# Freehand Zeichnung --- Linien Glätten ?`?



## SONIC303 (17. Februar 2002)

Wie kann ich bei einem Pinselstrich die Outline  Glätten ???
(Linie ist nicht Glatt sondern verwackelt)


----------



## Mythos007 (17. Februar 2002)

chellaz Sonic,

Es gibt bestimmt auch einen einfacheren
Weg, aber so funktionierts auch ...

also Du zeichnest deine Linie - klickst bei
gedrückter "strg-Taste" auf den Layer deines
Striches (damit der Strich selektiert wird)
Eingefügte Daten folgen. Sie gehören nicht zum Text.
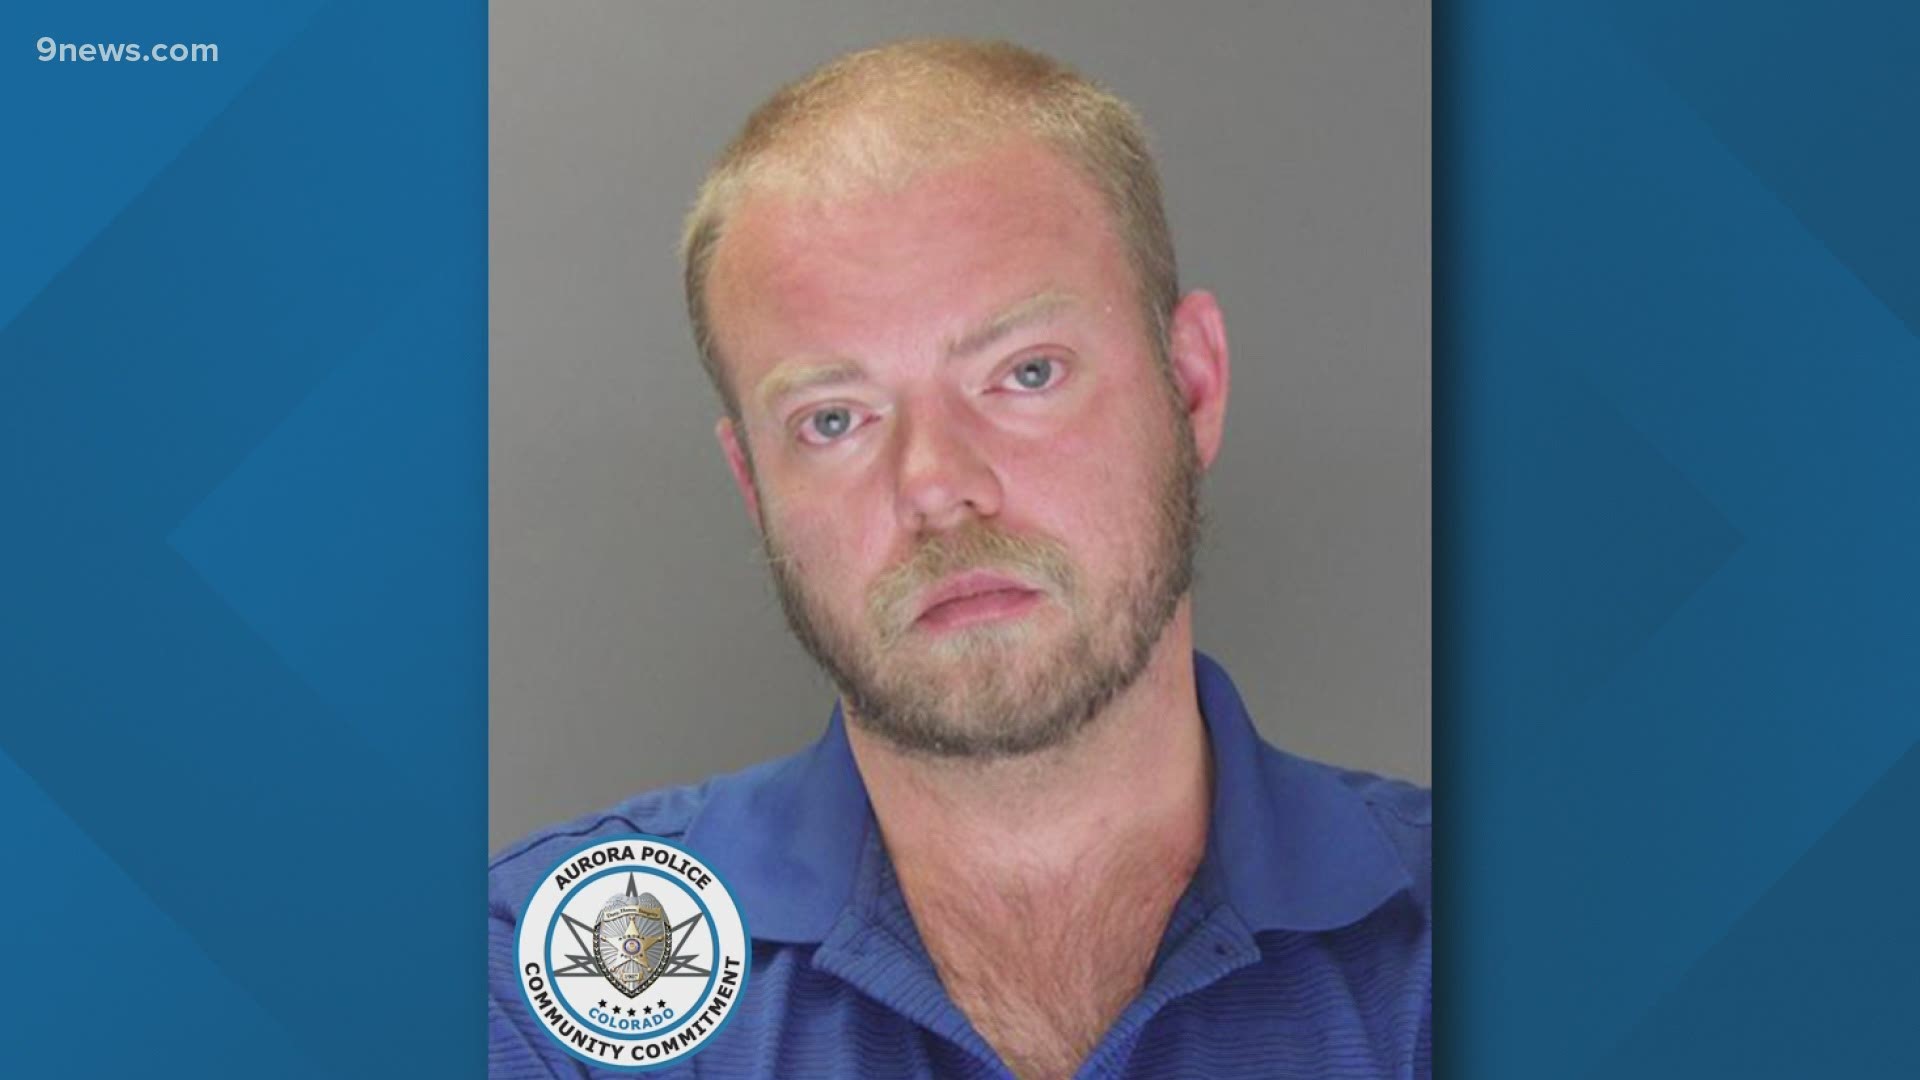 Daniel Pesch, 36, faces a felony criminal mischief charge and two misdemeanor charges in connection with the vandalism spree.

nun erstellst Du einen neuen "Alpha-Kanal"
füllst die Auswahl mit "grau"

gehst auf Filter "Gauscher-Weichzeichner" mit
dem Wert z.B. 16 und danach über Einstellungen
-> Tonwertkorrektur die Regler solange verschieben,
bis du die gewünschte Linie bekommen hast ...

Bis dann dann euer Mythos


----------



## ernii (17. Februar 2002)

Du erstellst erst einen Pfad mit dem "Freeform Pentool" (so heißt der englische Name, ich glaub es ist klar welches tool hier gemeint ist), dieser wird automatisch geglättet und lässt sich auch leicht nachbearbeiten. Danach "Stroke Path" und schon ist das ganze auch gezeichnet....

cu
ernii


----------